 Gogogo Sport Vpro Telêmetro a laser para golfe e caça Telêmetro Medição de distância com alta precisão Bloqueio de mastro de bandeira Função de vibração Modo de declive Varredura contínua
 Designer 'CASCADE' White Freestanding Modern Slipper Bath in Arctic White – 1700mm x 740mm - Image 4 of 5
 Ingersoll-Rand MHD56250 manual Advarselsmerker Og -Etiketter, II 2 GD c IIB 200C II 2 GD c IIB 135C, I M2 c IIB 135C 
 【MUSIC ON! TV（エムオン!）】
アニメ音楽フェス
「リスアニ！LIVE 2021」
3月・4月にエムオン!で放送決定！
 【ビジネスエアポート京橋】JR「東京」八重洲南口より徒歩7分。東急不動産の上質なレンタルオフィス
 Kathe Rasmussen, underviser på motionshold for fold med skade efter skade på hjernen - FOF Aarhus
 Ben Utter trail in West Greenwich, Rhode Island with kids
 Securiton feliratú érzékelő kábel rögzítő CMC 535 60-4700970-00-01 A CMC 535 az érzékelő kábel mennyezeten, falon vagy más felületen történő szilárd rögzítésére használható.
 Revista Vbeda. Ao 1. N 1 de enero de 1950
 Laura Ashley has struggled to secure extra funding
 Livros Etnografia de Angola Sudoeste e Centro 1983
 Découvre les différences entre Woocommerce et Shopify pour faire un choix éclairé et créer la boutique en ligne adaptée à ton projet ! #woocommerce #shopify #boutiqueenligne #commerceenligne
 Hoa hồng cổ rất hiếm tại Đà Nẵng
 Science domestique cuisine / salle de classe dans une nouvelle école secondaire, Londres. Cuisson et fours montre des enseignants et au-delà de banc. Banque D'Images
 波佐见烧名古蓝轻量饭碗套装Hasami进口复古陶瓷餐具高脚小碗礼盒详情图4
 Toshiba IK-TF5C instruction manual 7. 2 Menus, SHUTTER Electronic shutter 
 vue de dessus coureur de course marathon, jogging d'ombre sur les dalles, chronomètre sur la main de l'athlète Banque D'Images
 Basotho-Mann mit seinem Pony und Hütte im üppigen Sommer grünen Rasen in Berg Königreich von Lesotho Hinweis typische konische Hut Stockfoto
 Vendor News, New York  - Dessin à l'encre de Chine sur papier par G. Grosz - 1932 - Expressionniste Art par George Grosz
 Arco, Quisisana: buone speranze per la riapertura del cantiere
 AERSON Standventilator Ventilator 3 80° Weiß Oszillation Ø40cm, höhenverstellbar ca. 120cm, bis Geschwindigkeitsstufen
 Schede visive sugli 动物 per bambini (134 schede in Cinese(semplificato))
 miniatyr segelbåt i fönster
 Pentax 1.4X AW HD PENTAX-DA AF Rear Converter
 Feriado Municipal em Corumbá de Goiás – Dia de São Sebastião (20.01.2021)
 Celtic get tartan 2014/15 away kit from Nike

**TASK TO CARRY OUT**
Look through the entries and return each line that has the word "manual" in it.

**RESPONSE TO THE TASK**
 Ingersoll-Rand MHD56250 manual Advarselsmerker Og -Etiketter, II 2 GD c IIB 200C II 2 GD c IIB 135C, I M2 c IIB 135C 
 Toshiba IK-TF5C instruction manual 7. 2 Menus, SHUTTER Electronic shutter 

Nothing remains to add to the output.